MANILA (Reuters) -- The Philippines lowered its economic growth target for this year, reflecting the impact of a two-week lockdown of the capital region to contain the spread of the Delta coronavirus variant, a government interagency said on Wednesday.
This year's growth target was cut to 4% to 5% from the 6% to 7% expected previously, the Development Budget Coordination Committee (DBCC) said in a statement.
Next year's growth target was kept at 7% to 9%.

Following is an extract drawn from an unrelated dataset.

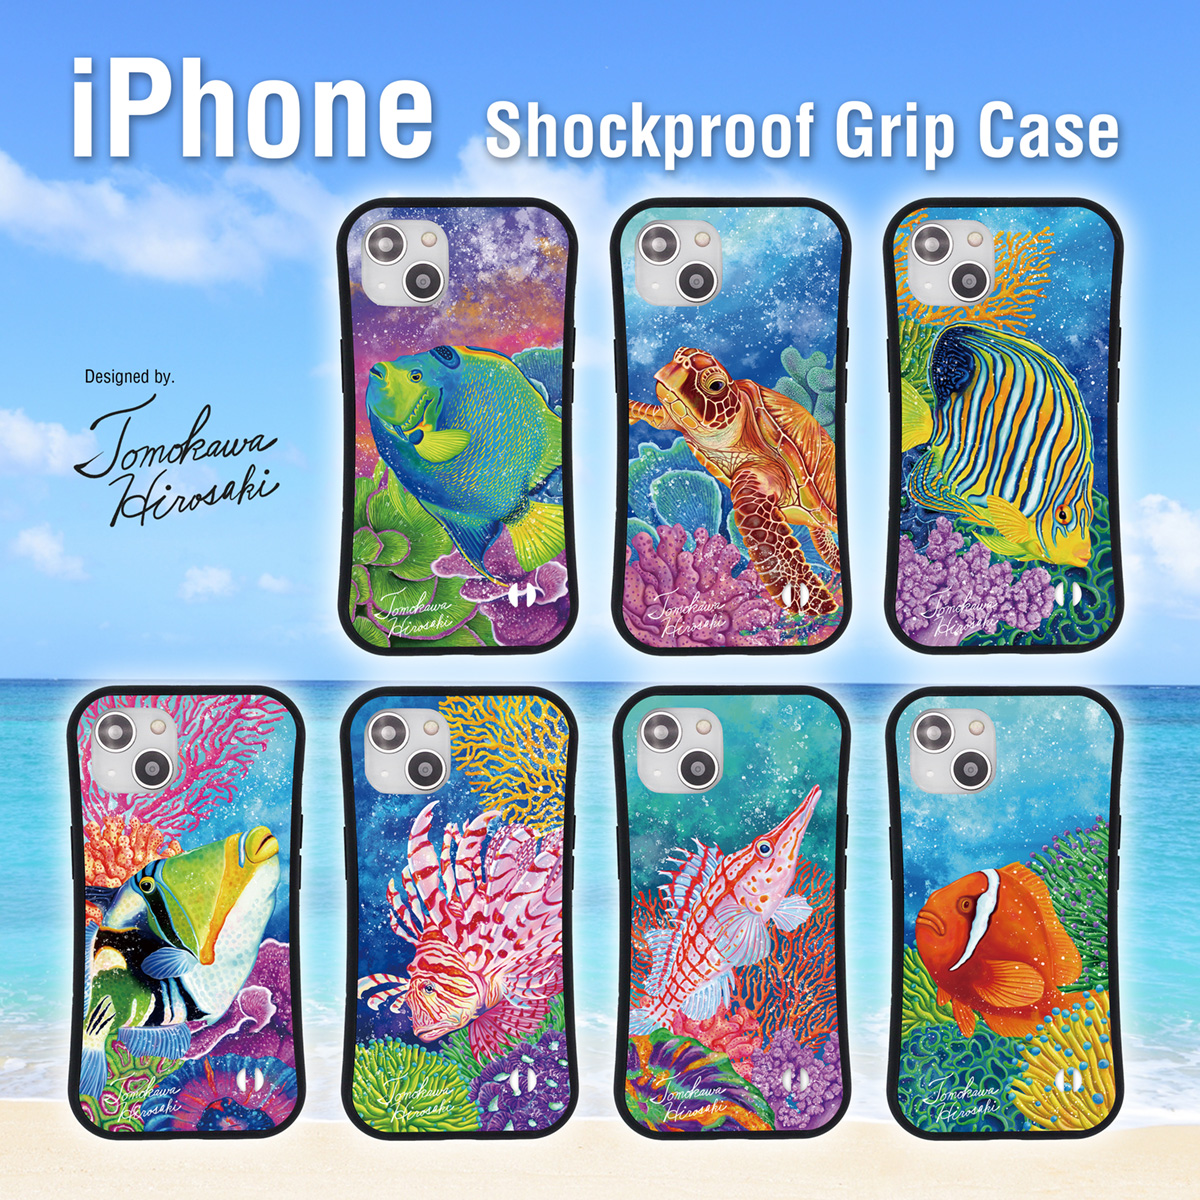 海の生き物をデザインした耐衝撃iPhoneケースを新しく7種類新発売しました！
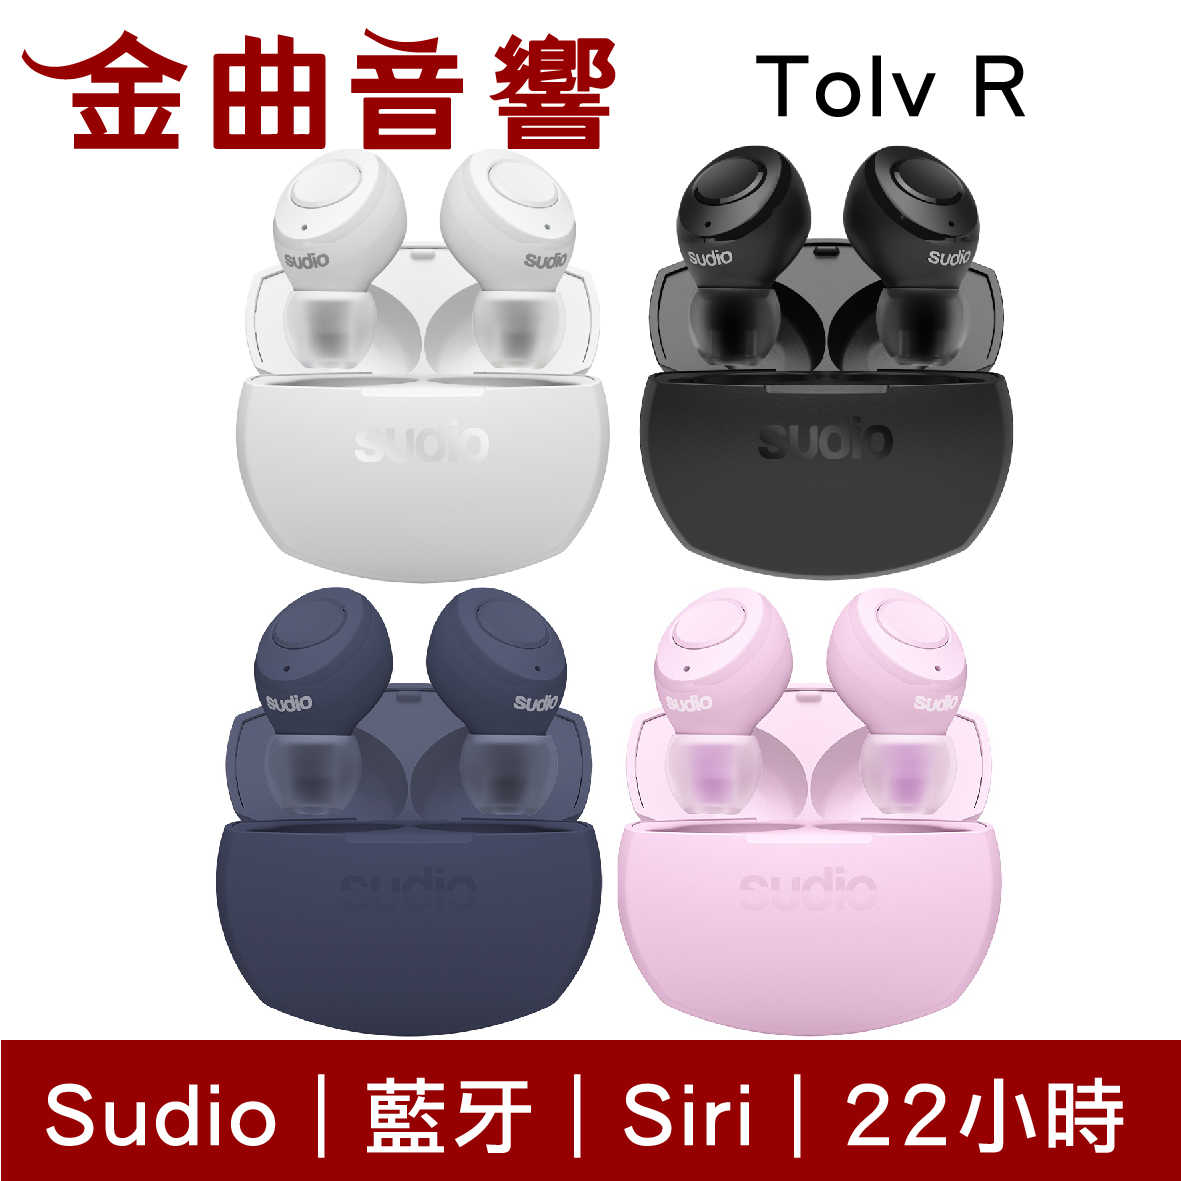 【現貨】Sudio Tolv R 粉色 真無線 藍芽耳機 可通話 語音助理 TolvR | 金曲音響

The downgrade was still a significant improvement from last year's record contraction of 9.6%.
"Our strategy is to continue managing the risks carefully by imposing granular quarantines while allowing a vast number of people to earn a living," the DBCC said.
The Southeast Asian nation, which was among the fastest-growing economies in Asia before the pandemic, exited recession in the second quarter, after five consecutive quarters of contraction.
But a renewed surge in COVID-19 cases, driven by the virulent Delta variant, forced authorities to impose a two-week lockdown of the capital region, undermining the economy's expected rebound this year.
More than a year and a half into the pandemic, reported coronavirus infections in the Philippines have soared to more than 1.77 million, the second-highest level in Southeast Asia, while deaths have exceeded 30,600.
The Philippines has so far fully immunized around 11% of its 110 million people against COVID-19, leaving millions still vulnerable.